Overall, I think you're close to enough treatment in the room other than ceiling reflections and directly behind you but the furniture may not allow that.

Bryan


----------



## Crossblade (Jul 21, 2010)

Hey Bryan,

I think I will leave it this way, bass sounds better and I do not hear any defects in imaging for now.

I can treat the ceiling ... I am planning it. 
Would you recommend me how much to treat it? I plan on light absorption, 2" or max 4". Should I put panels at early reflections, or above my sitting position, or both? Maybe I can do some of them with semi-reflective surface (I should search for something like that here ...). 

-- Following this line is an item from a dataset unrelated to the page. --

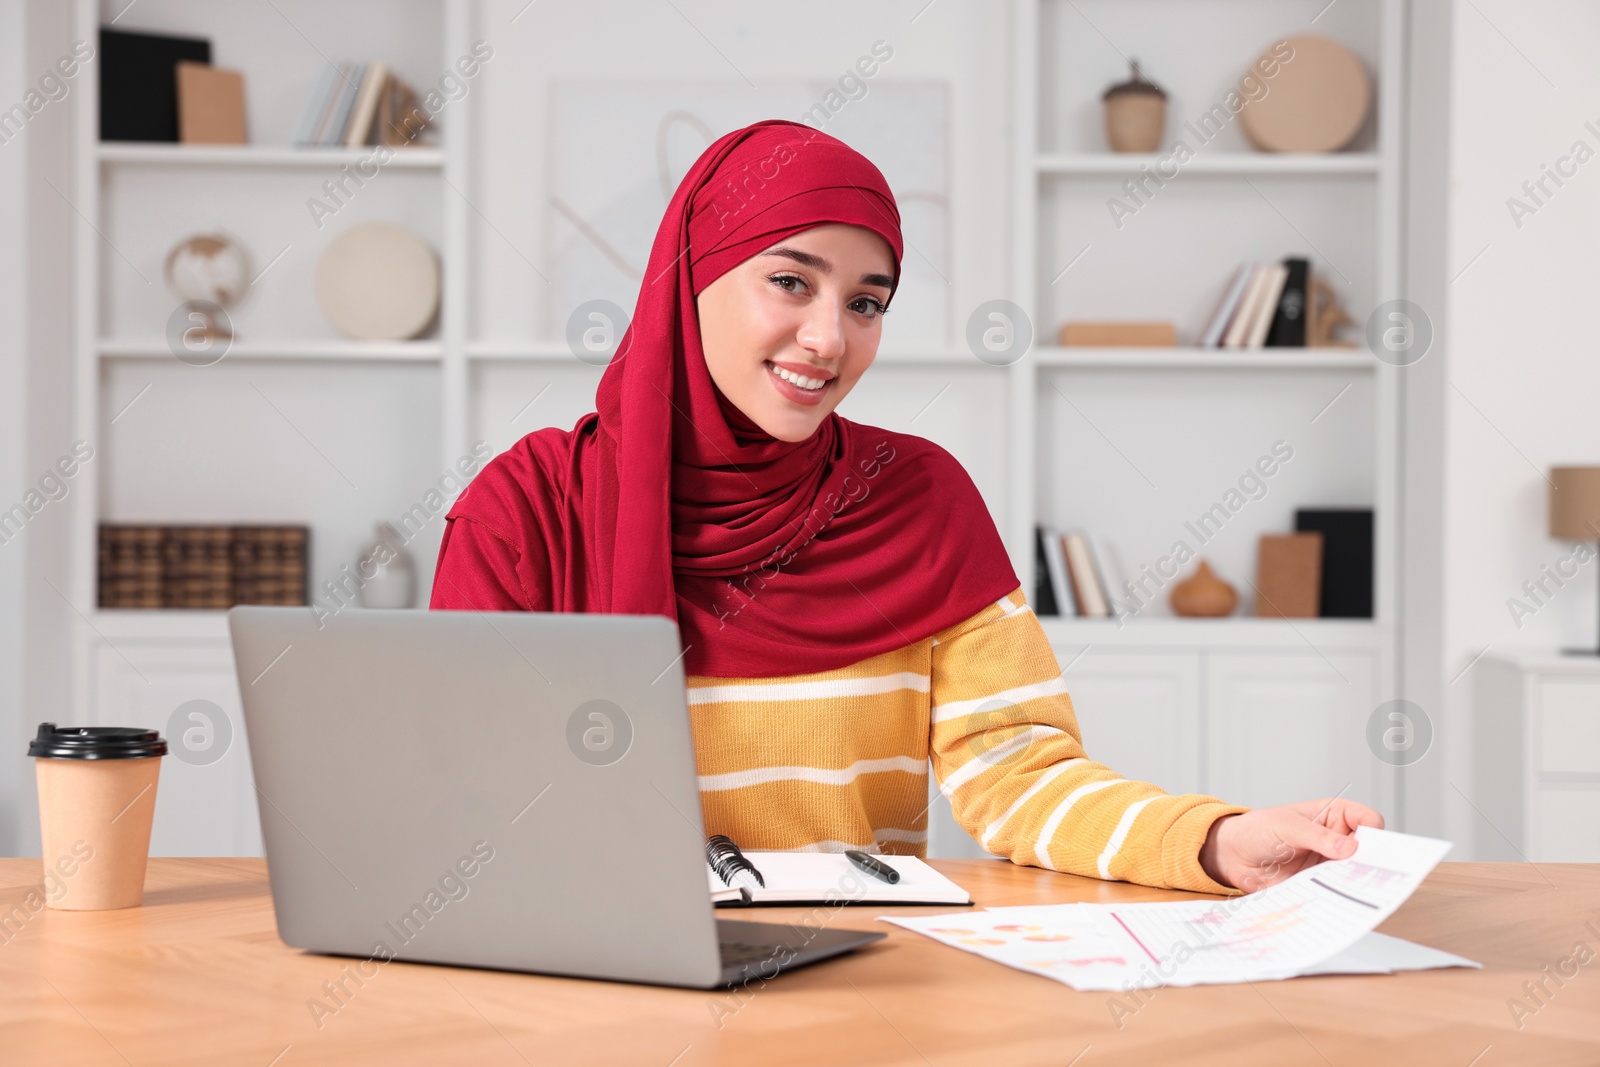 Photo of Muslim woman writing notes near laptop at wooden table at home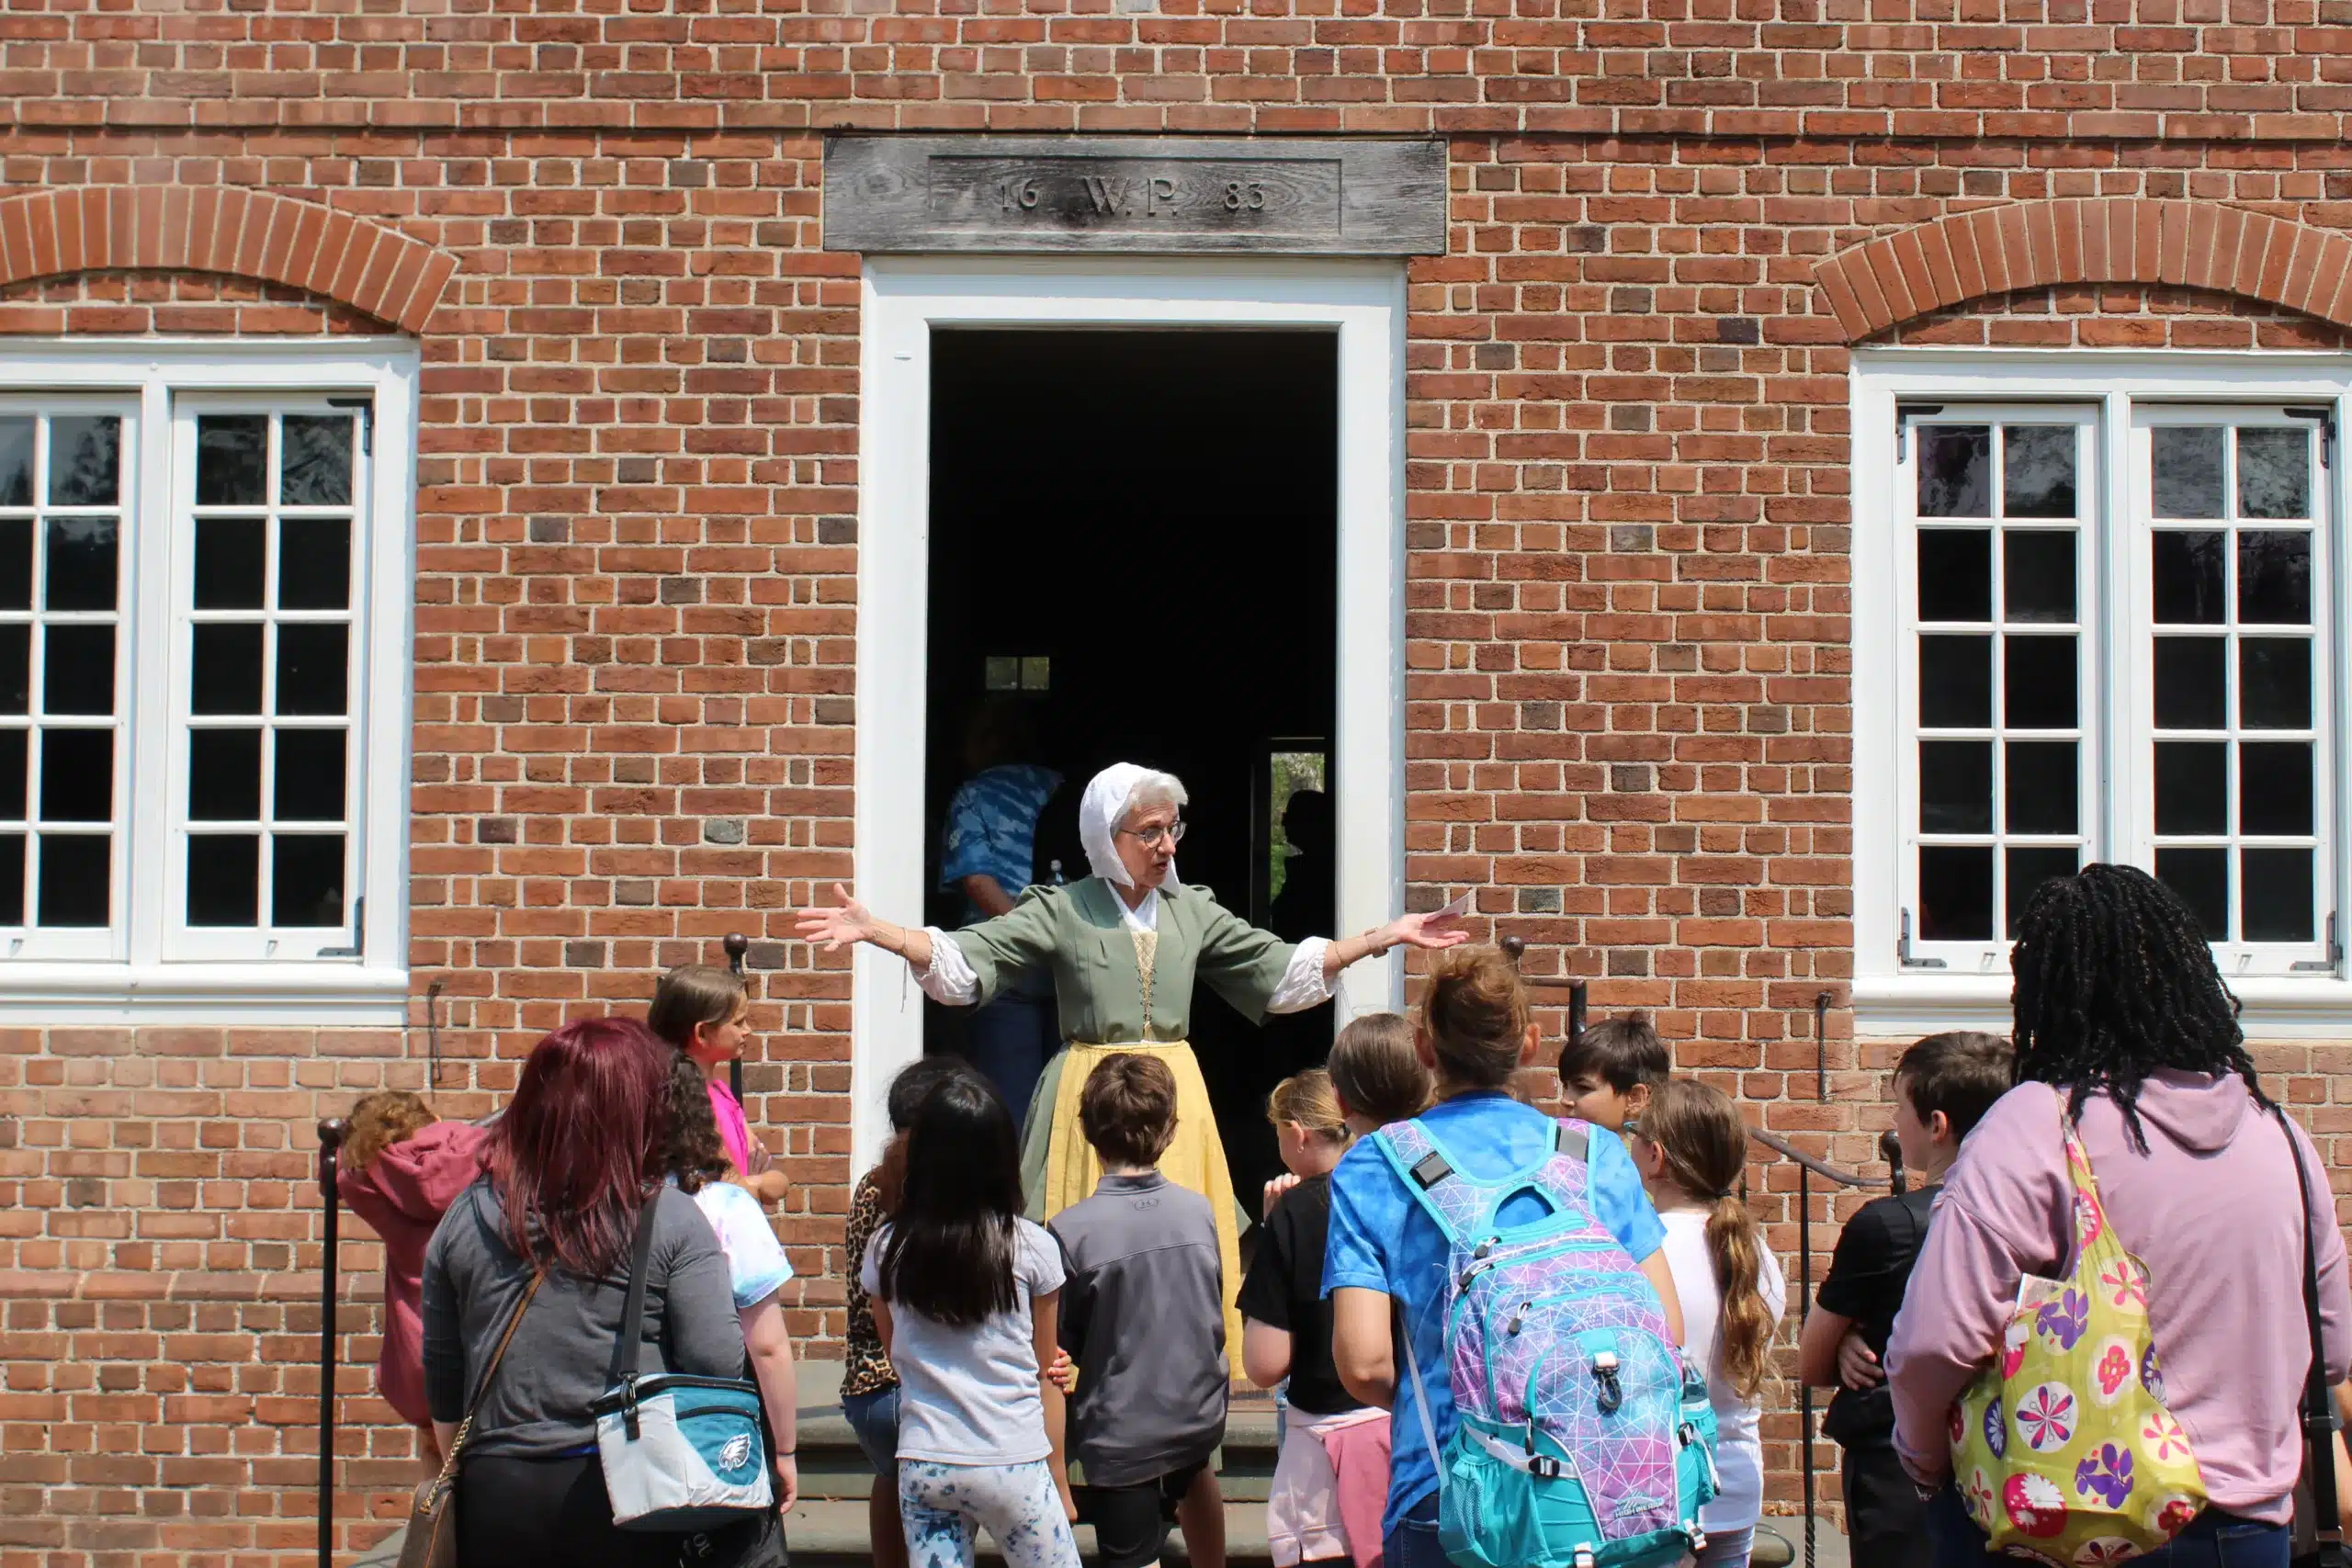 A woman dressed in colonial attire stands outside the manor house entrance with her arms open to welcome a group of students to the Manor House.

As for the back wall, I have a huge wardrobe there, which is the only non-audio thing in the room (although I live in it!), and I cannot take it out .... I can treat the surface to the left and right from it. Any suggestions?

Thank you for all your posts, I really appreciate your help! 
Nanko


----------



## bpape (Sep 14, 2006)

Ceiling is high enough that you shouldn't need anything over your head. Just treat the reflection points. You can do either absorption or diffusion on those points.

The place I was referring to was behind you opposite the window where there appears to be a large cabinet in your drawing.

Bryan


----------



## Crossblade (Jul 21, 2010)

Thanks Bryan.

I will post once I have any progress...


----------